Homebuyer association representatives have repeatedly testified — before consumer forums, before the NCLT, and in media interviews — that members of their communities have suffered severe mental health crises, marital breakdowns, and, in deeply tragic cases documented across Indian media over the past decade, have been driven to the brink by financial despair, with some taking their own lives.

This is no longer an accounting dispute between a builder and a bank. It is a humanitarian failure of the financial system; one where ordinary citizens, doing everything the system asked of them, were crushed between two powerful parties who had quietly agreed, whether by design or by negligence, to offload every risk onto the smallest player in the chain.

The ED, The RBI, and What Comes Next

The CBI is not acting alone. The Enforcement Directorate has opened a parallel probe under the Prevention of Money Laundering Act (PMLA) and is expected to widen its scope to the new 22 cases. The Reserve Bank of India and the Housing Ministry are coordinating with investigators. Several of the named developers — including Supertech, Vatika, and Jaypee-linked entities booked earlier, are already in corporate insolvency resolution proceedings under the IBC, which complicates asset recovery but also opens additional avenues of investigation into fund diversion.

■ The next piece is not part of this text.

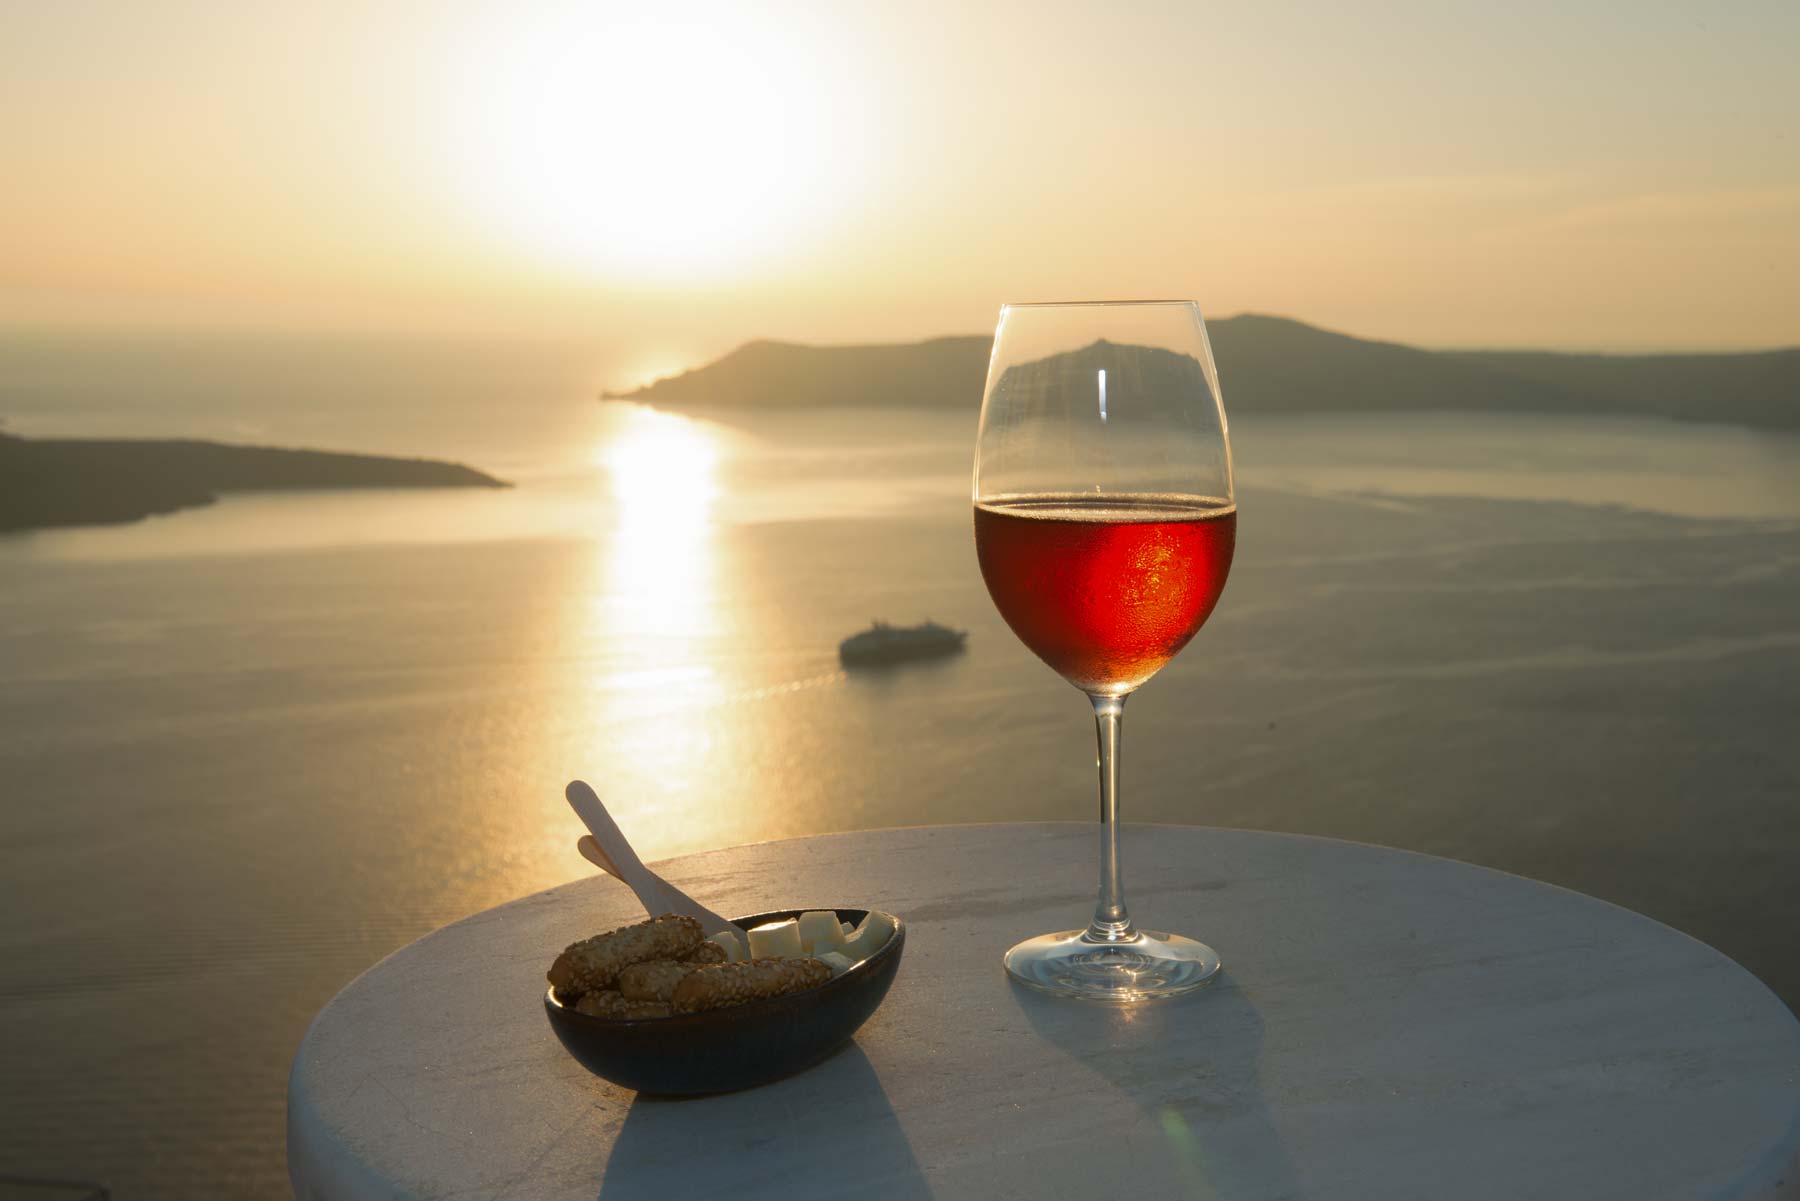 Ελληνικό νησί στα καλύτερα μέρη της Ευρώπης για όσους αγαπούν το κρασί

In the weeks ahead, investigators are expected to:

  • Conduct forensic audits of loan sanction files and disbursal patterns
  • Reconstruct the fund-flow trail from banks to builders to diverted destinations
  • Examine internal bank communications and credit committee approvals
  • Identify specific bank officials whose sign-offs bypassed RBI norms
  • Pursue asset attachments against accused builders
  • File chargesheets in the first batch of 28 cases, whose investigation is reportedly nearing completion

Expect arrests. Expect named officials. Expect, in the apex court’s own words, an attempt to finally answer the question the homebuyers have been asking for a decade: who is responsible, and who will pay?

The Bottom Line

For close to fifteen years, a structured, repeatable, and remarkably profitable fraud model operated in plain sight of every regulator in India. Builders promised homes they had no intention of delivering on time. Banks funded them without checking. Homebuyers paid, and paid, and paid, for an asset that existed only on a brochure.

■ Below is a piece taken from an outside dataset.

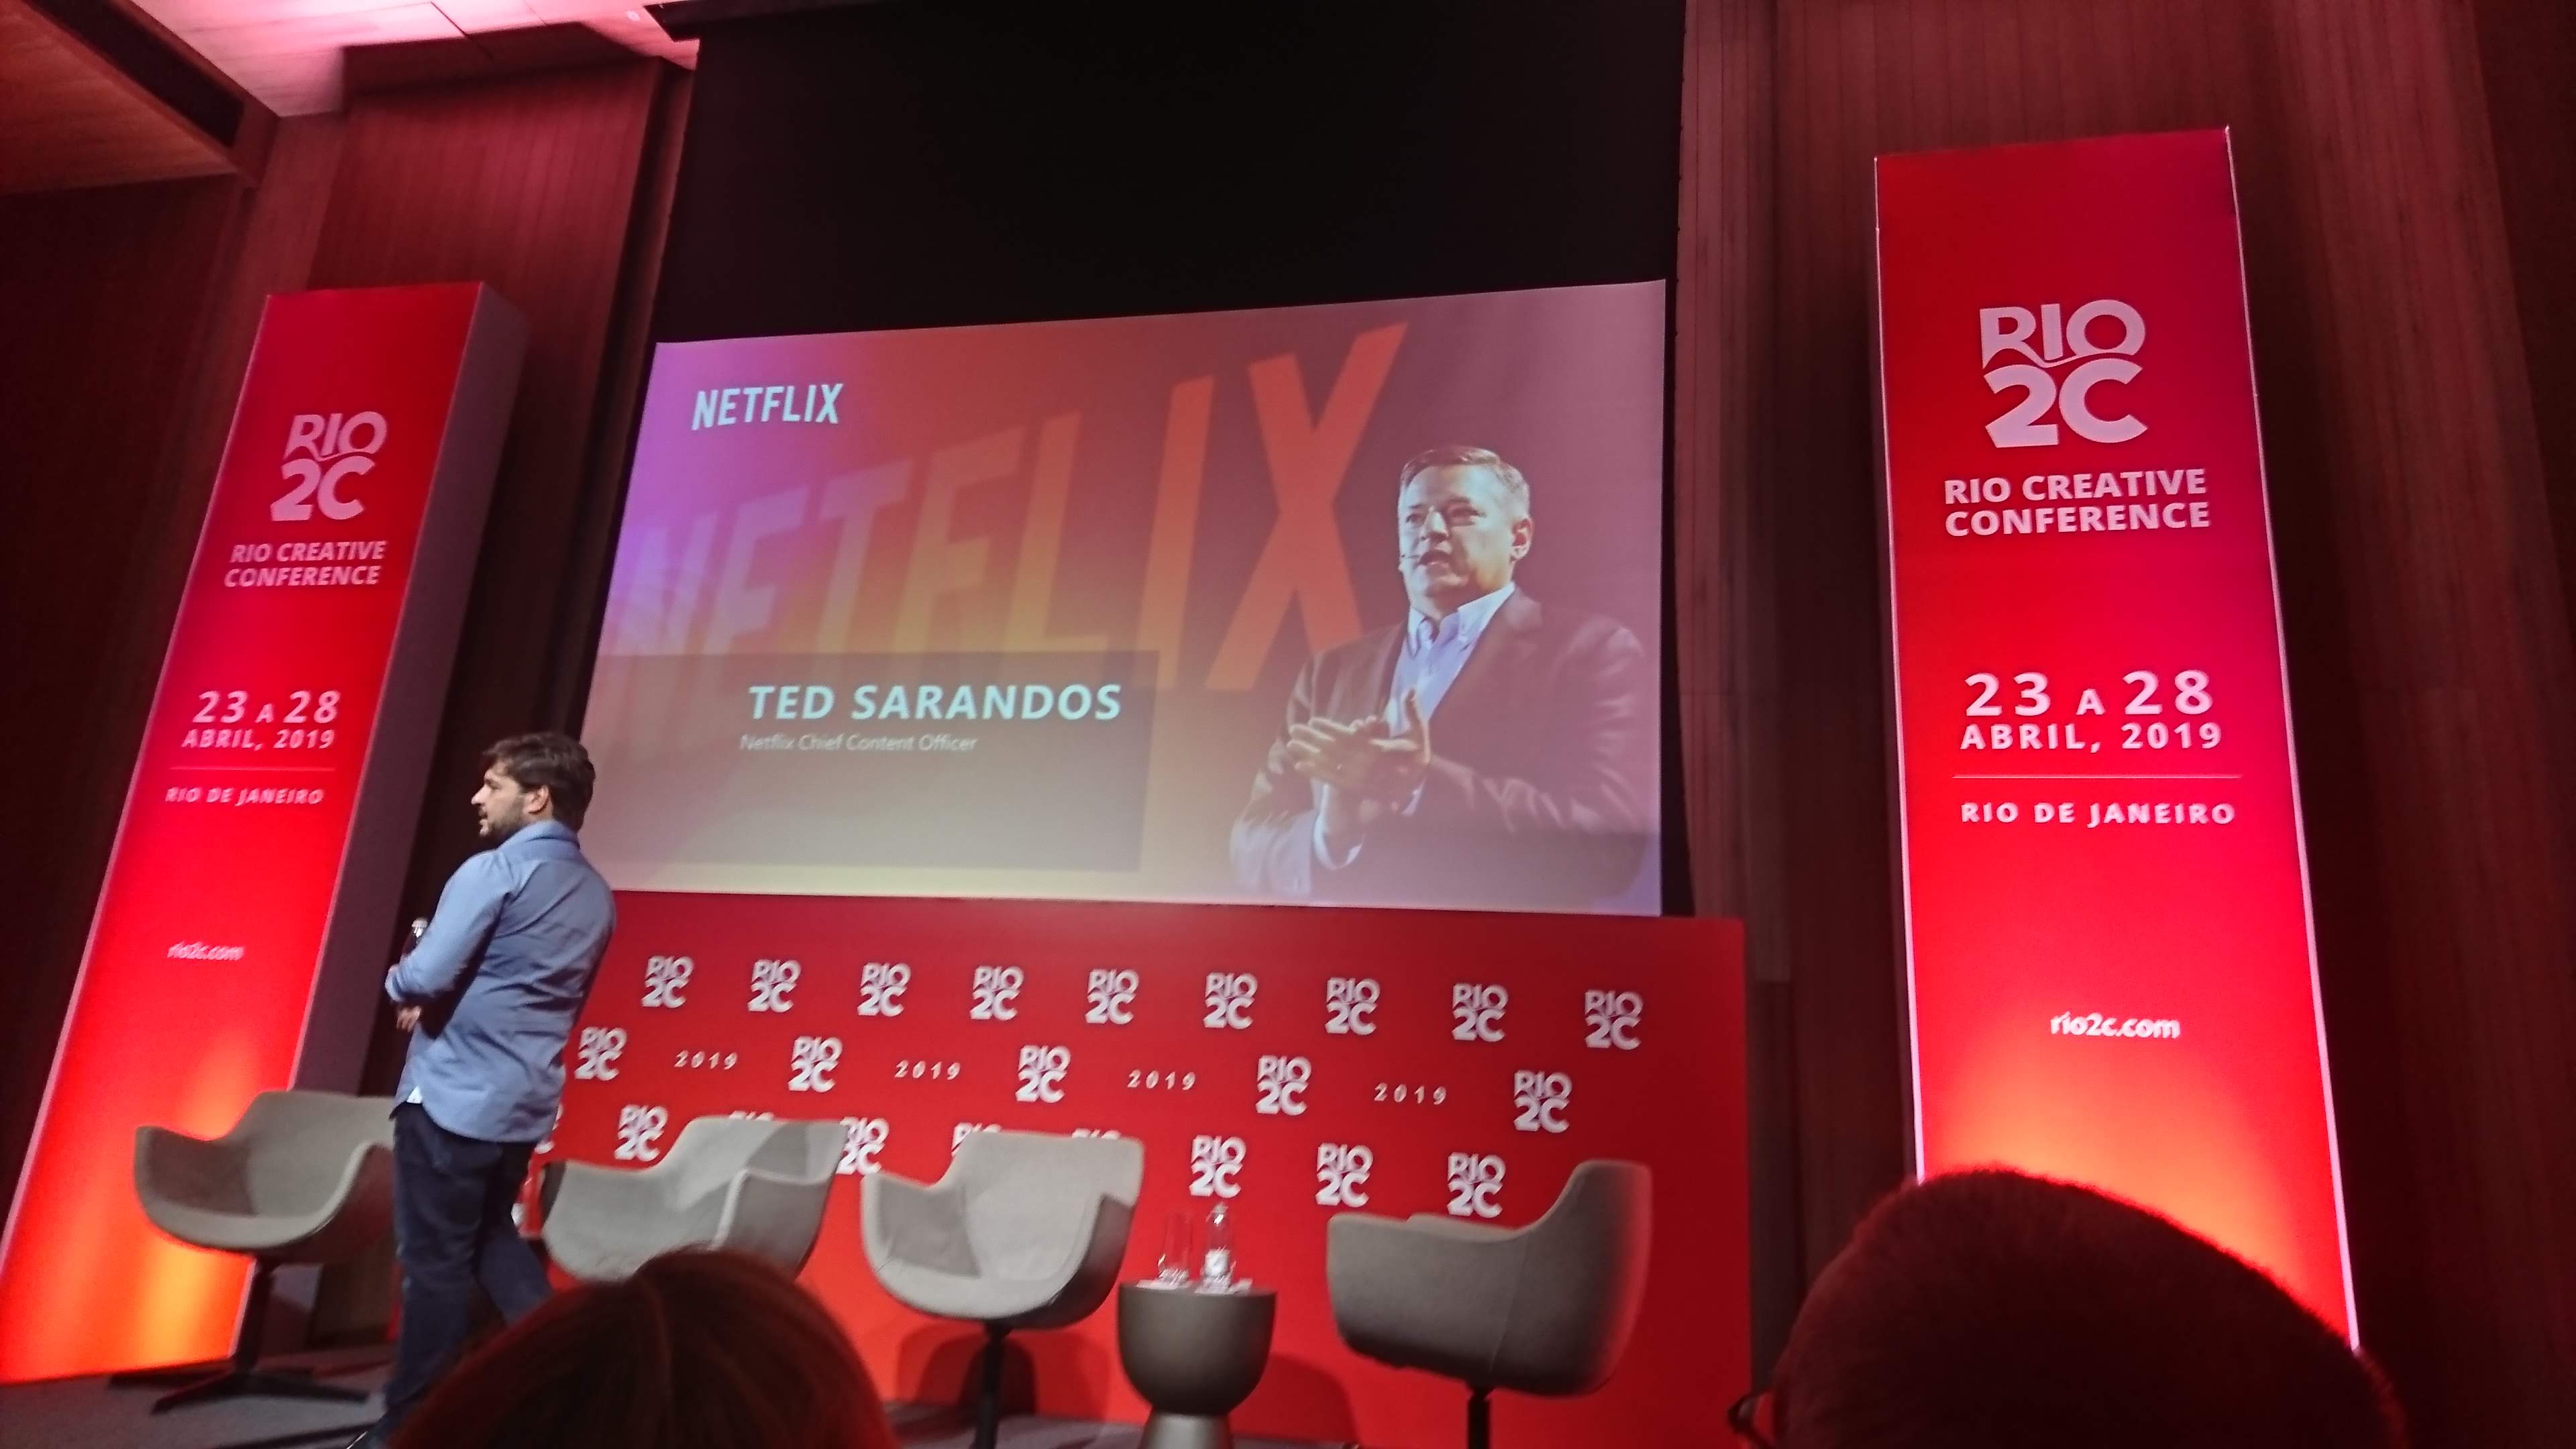 Rio2C | 2ª edição contará com a presença da Netflix, KondZilla e muito mais

Now, with 77 raids in a single day, 50 FIRs under an apex-court-monitored probe, some of India’s largest banks named as accused, and the Central Bureau of Investigation physically seizing files from corporate offices from Faridabad to Bengaluru, the reckoning has finally begun.

real estate

Whether it will be enough to return the keys of a home to a middle-class family that has been waiting since 2014 — or whether it will, like so many Indian financial scandals, end in a whimper of bureaucratic delay — is the question the country will watch being answered, one raid, one chargesheet, and one verdict at a time.